[AIM OF THE EXERCISE]: The listing below should be reproduced precisely, except for its images.

(RAW DATA begins)

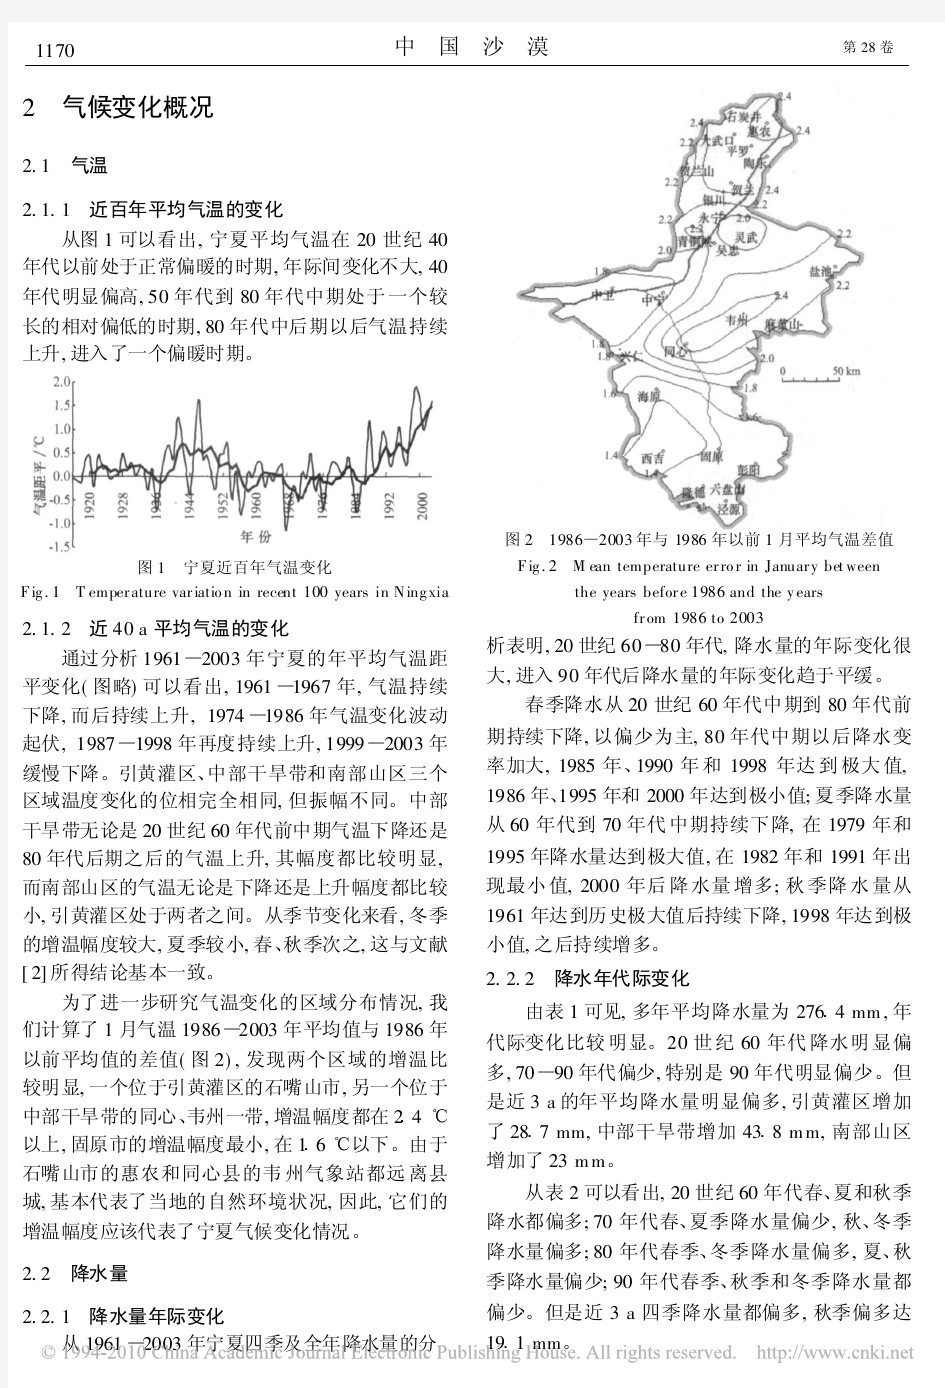 宁夏极端气候事件及其影响分析
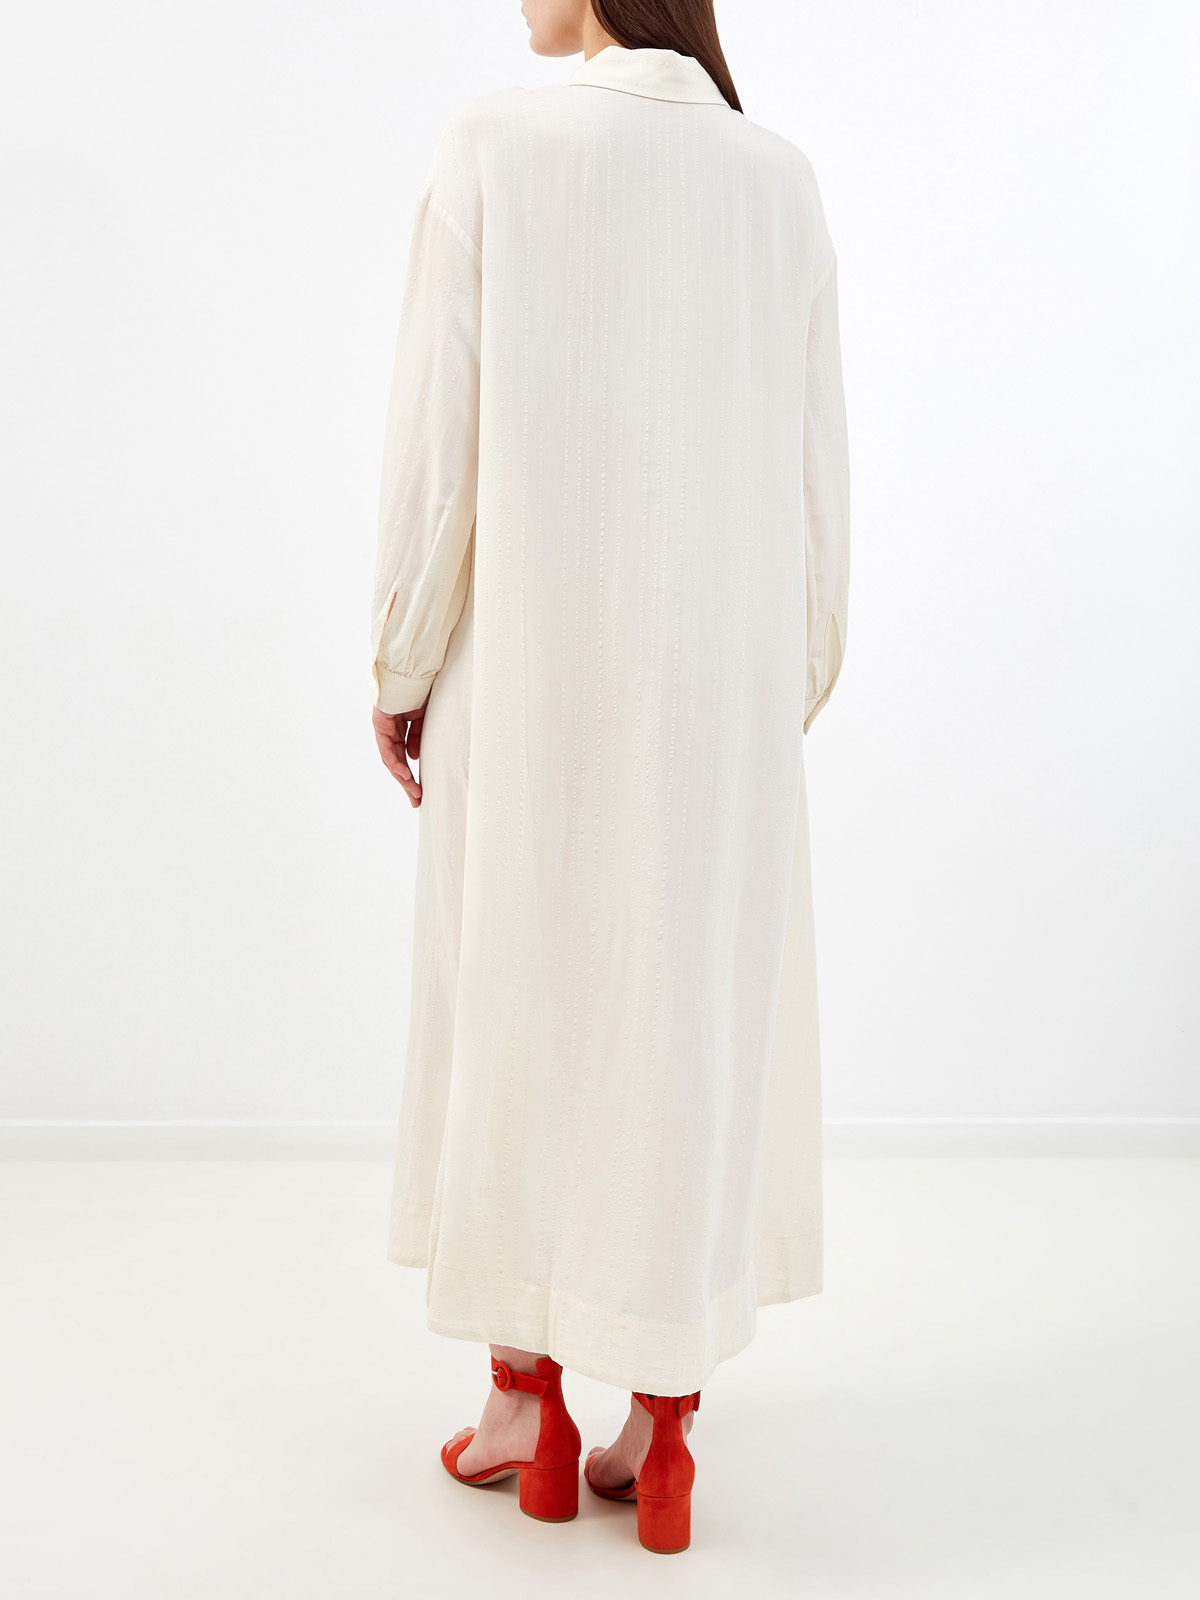 Кремовое платье-рубашка с отложным воротником и прострочкой RE VERA, цвет белый, размер M;XL;S - фото 4
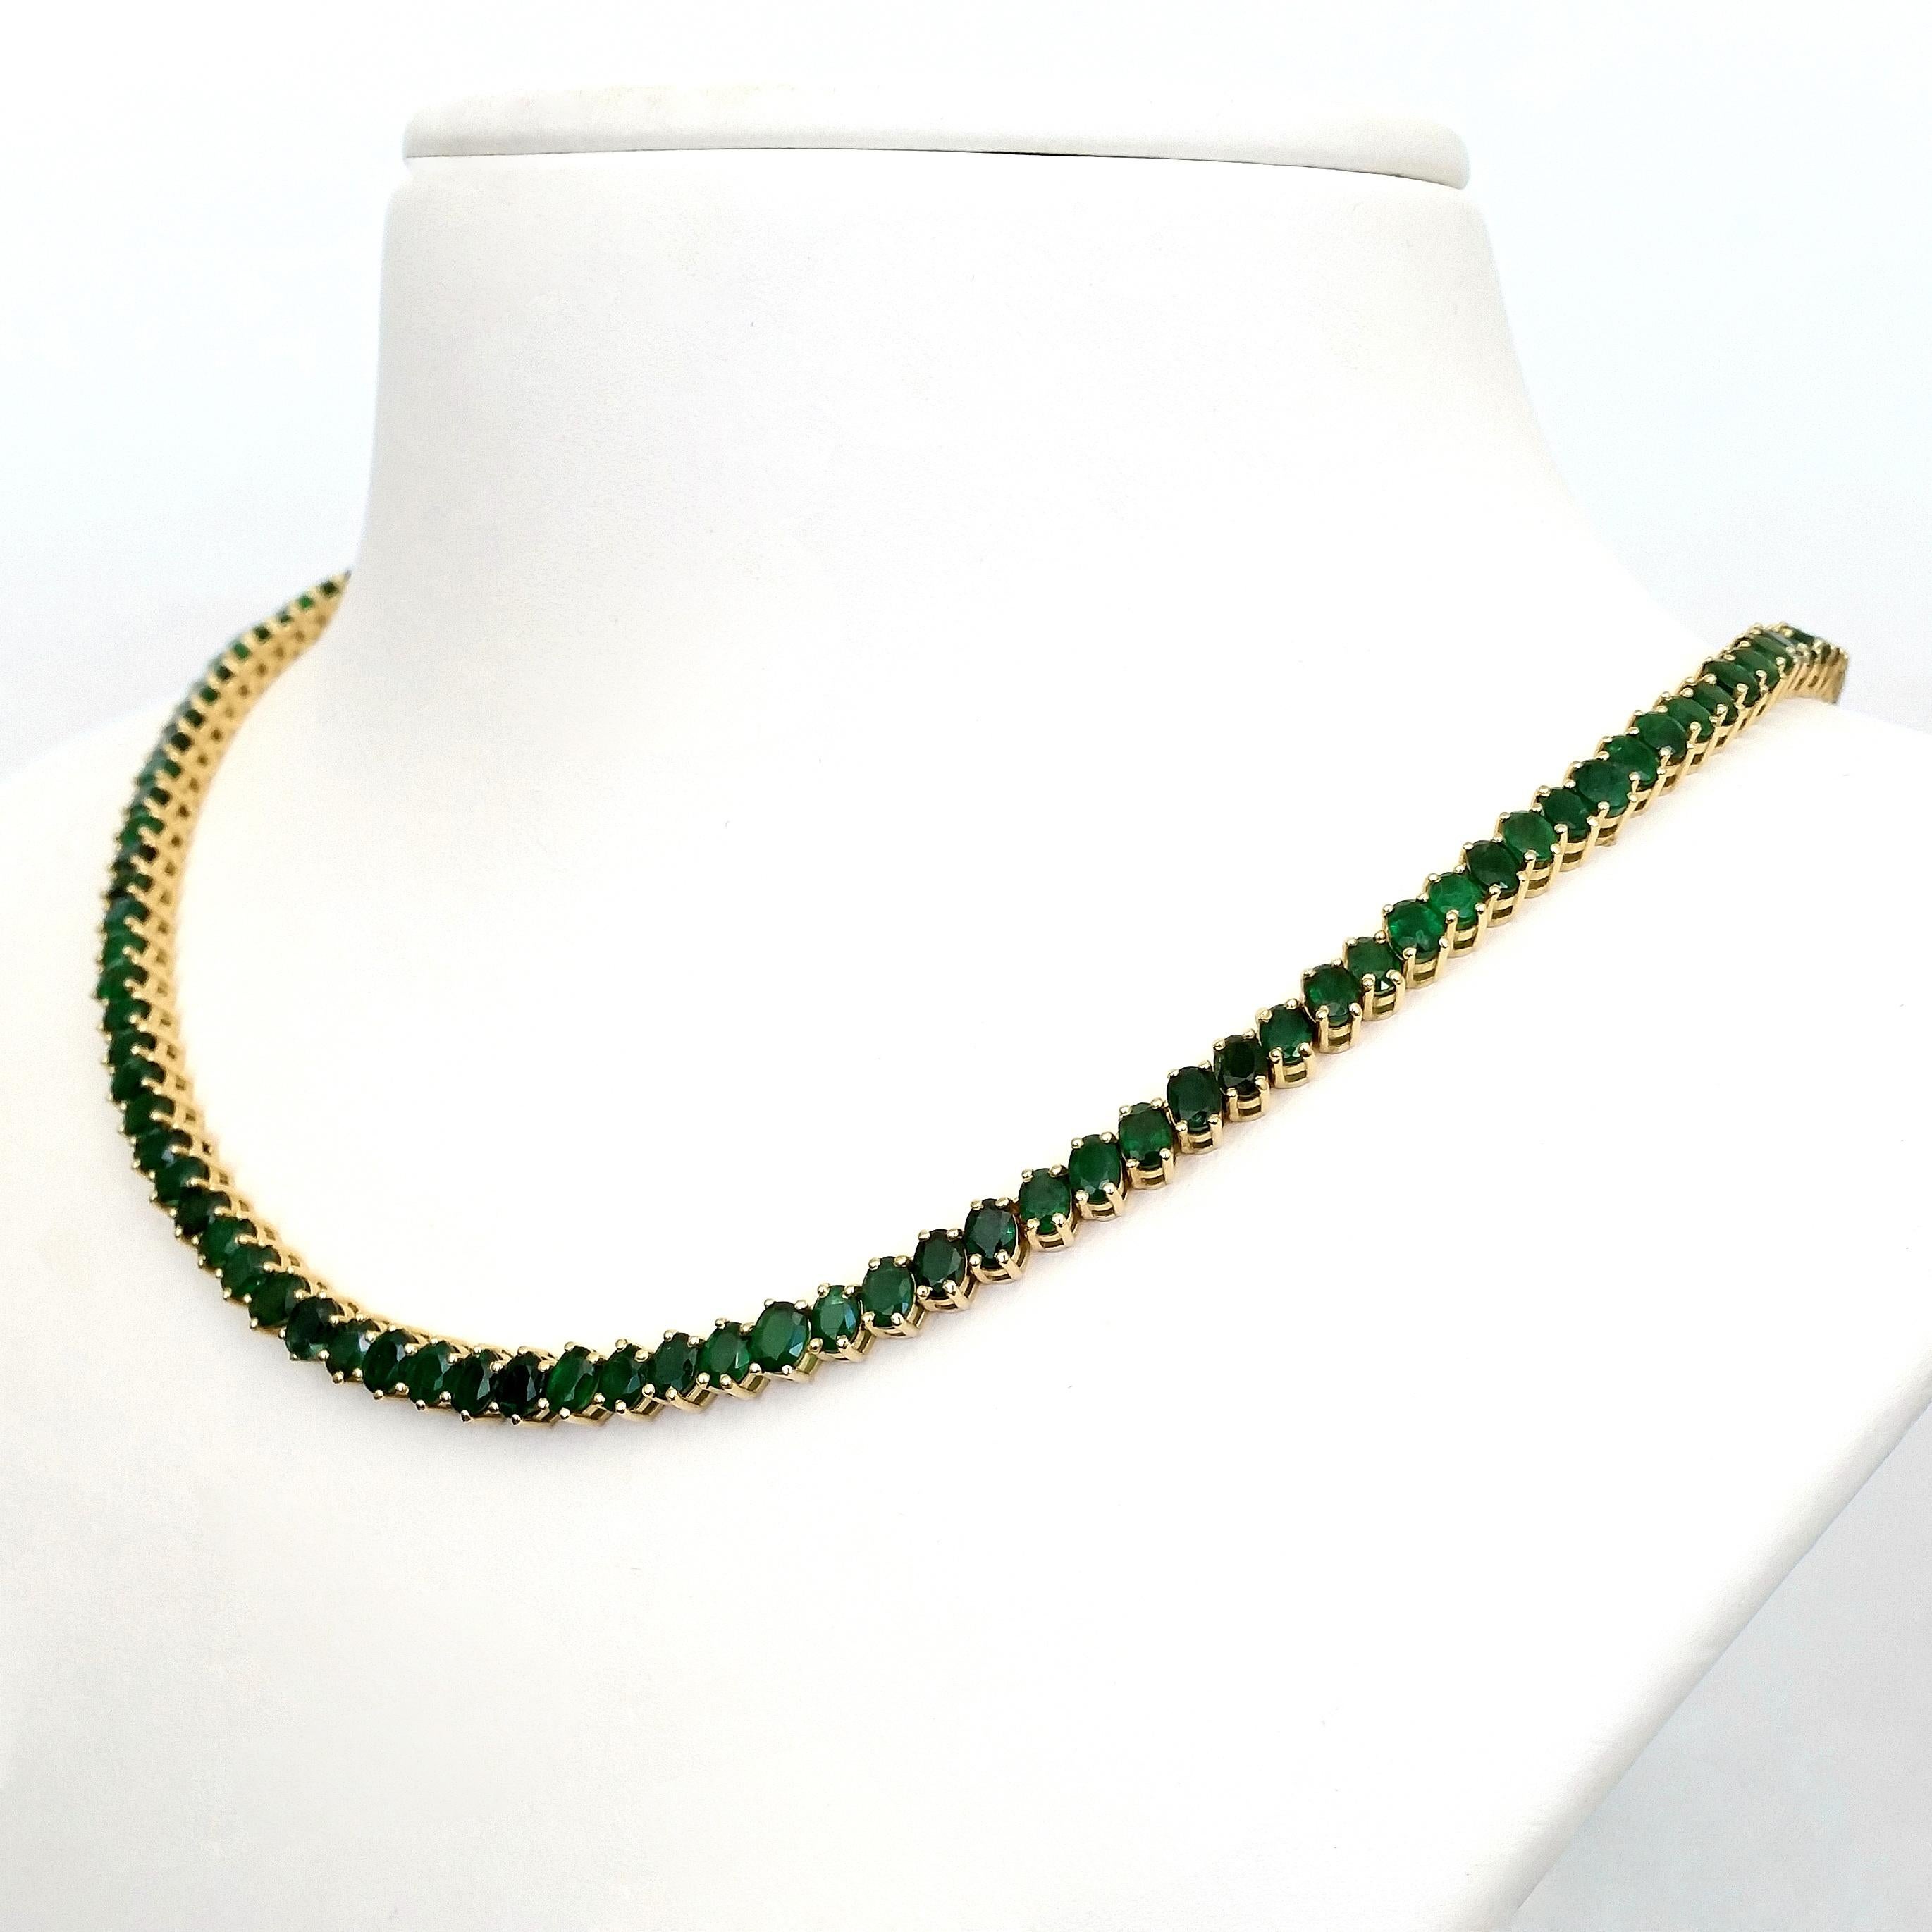 Der Smaragd symbolisiert Wahrheit und Liebe, und diese elegante und attraktive Halskette wird Ihnen das Gefühl geben, geliebt zu werden und wahrhaftig zu sein. Diese einzigartig gestaltete Halskette aus 14-karätigem Gelbgold mit einem Gewicht von

(RAW DATA ends)

[SOLUTION]:
 宁夏极端气候事件及其影响分析
 Кремовое платье-рубашка с отложным воротником и прострочкой RE VERA, цвет белый, размер M;XL;S - фото 4
 Der Smaragd symbolisiert Wahrheit und Liebe, und diese elegante und attraktive Halskette wird Ihnen das Gefühl geben, geliebt zu werden und wahrhaftig zu sein. Diese einzigartig gestaltete Halskette aus 14-karätigem Gelbgold mit einem Gewicht von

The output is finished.